OBJECTIVE Determining the right atrial pressure is an important hemodynamic criterion for calculating right ventricular pressure, commonly measured using right heart catheterization (an invasive procedure). However, non-invasive methods should be prioritized, especially in pediatrics. There is a lack of evidence regarding this issue in such age groups compared to adults.
METHODS The research was a diagnostic-type cross-sectional study conducted to investigate echocardiographic criteria for estimating the right atrial pressure in 350 pediatric patients from March 2020 to December 2021.
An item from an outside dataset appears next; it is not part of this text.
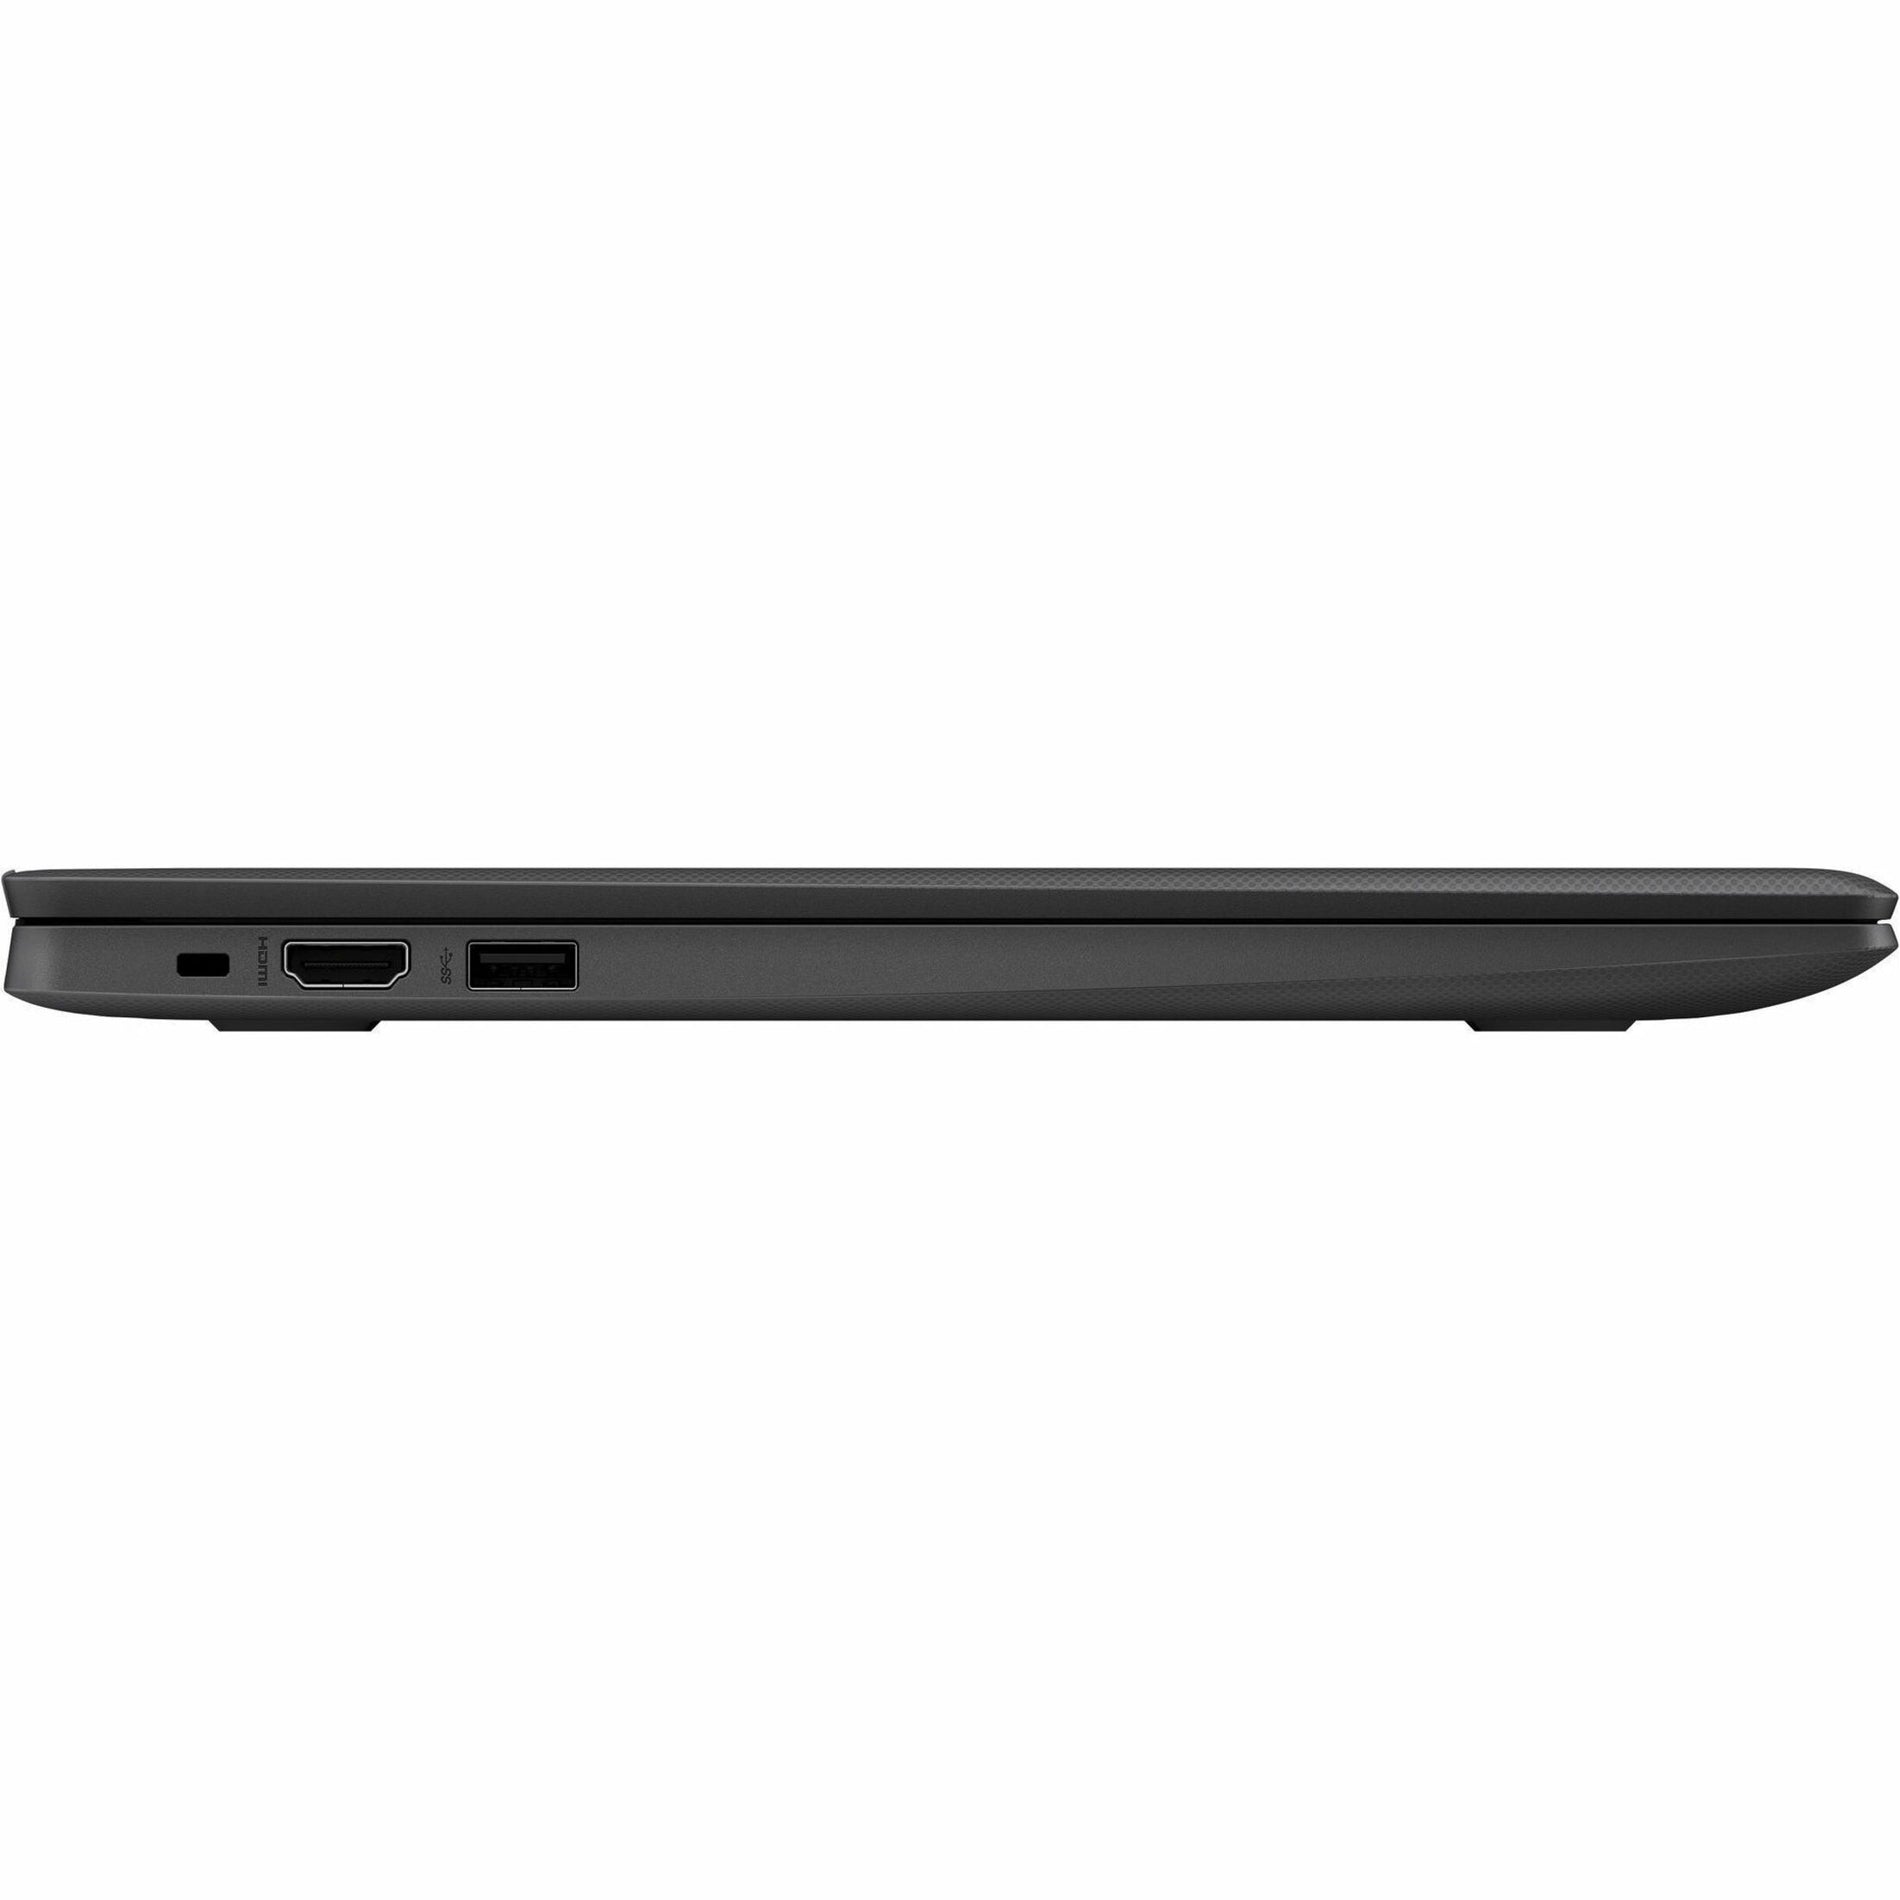 HPI SOURCING - NEW Chromebook 14 G6 14" Chromebook, HD, Intel Celeron N4020 Dual-core, 4GB RAM, 32GB Flash Memory, Chalkboard Gray

RESULTS The mean right atrial pressure was significantly higher in patients with a Caval index of less than 50% (7.89 ± 4.48 mmHg vs. 6.3 ± 3.18 mmHg, P = 0.002) and in those with cyanotic CHD (P = 0.018). There was a significant correlation between the Caval index with a cut-off point of 50% and the mean RAP with a cut-off point of 10 mmHg (P-value = 0.024) with a specificity=85.7% of Caval index<50% for estimating right atrial pressure >10 mmHg. Additionally, there was a difference between the E/E´ of the tricuspid valve with a cut-off point of 7, and the mean right atrial pressure with a cut-off point of 5 mmHg (P-value =0.043), with a sensitivity=70.2% of tricuspid valve E/E´>7 for estimating right atrial pressure >5 mmHg.
CONCLUSION This study showed that echocardiographic indices, such as the Caval index and tricuspid valve E/E´, can be useful in estimating right atrial pressure non-invasively. However, it is crucial to consider age-specific reference values and cut-off points for these indices to enhance their accuracy.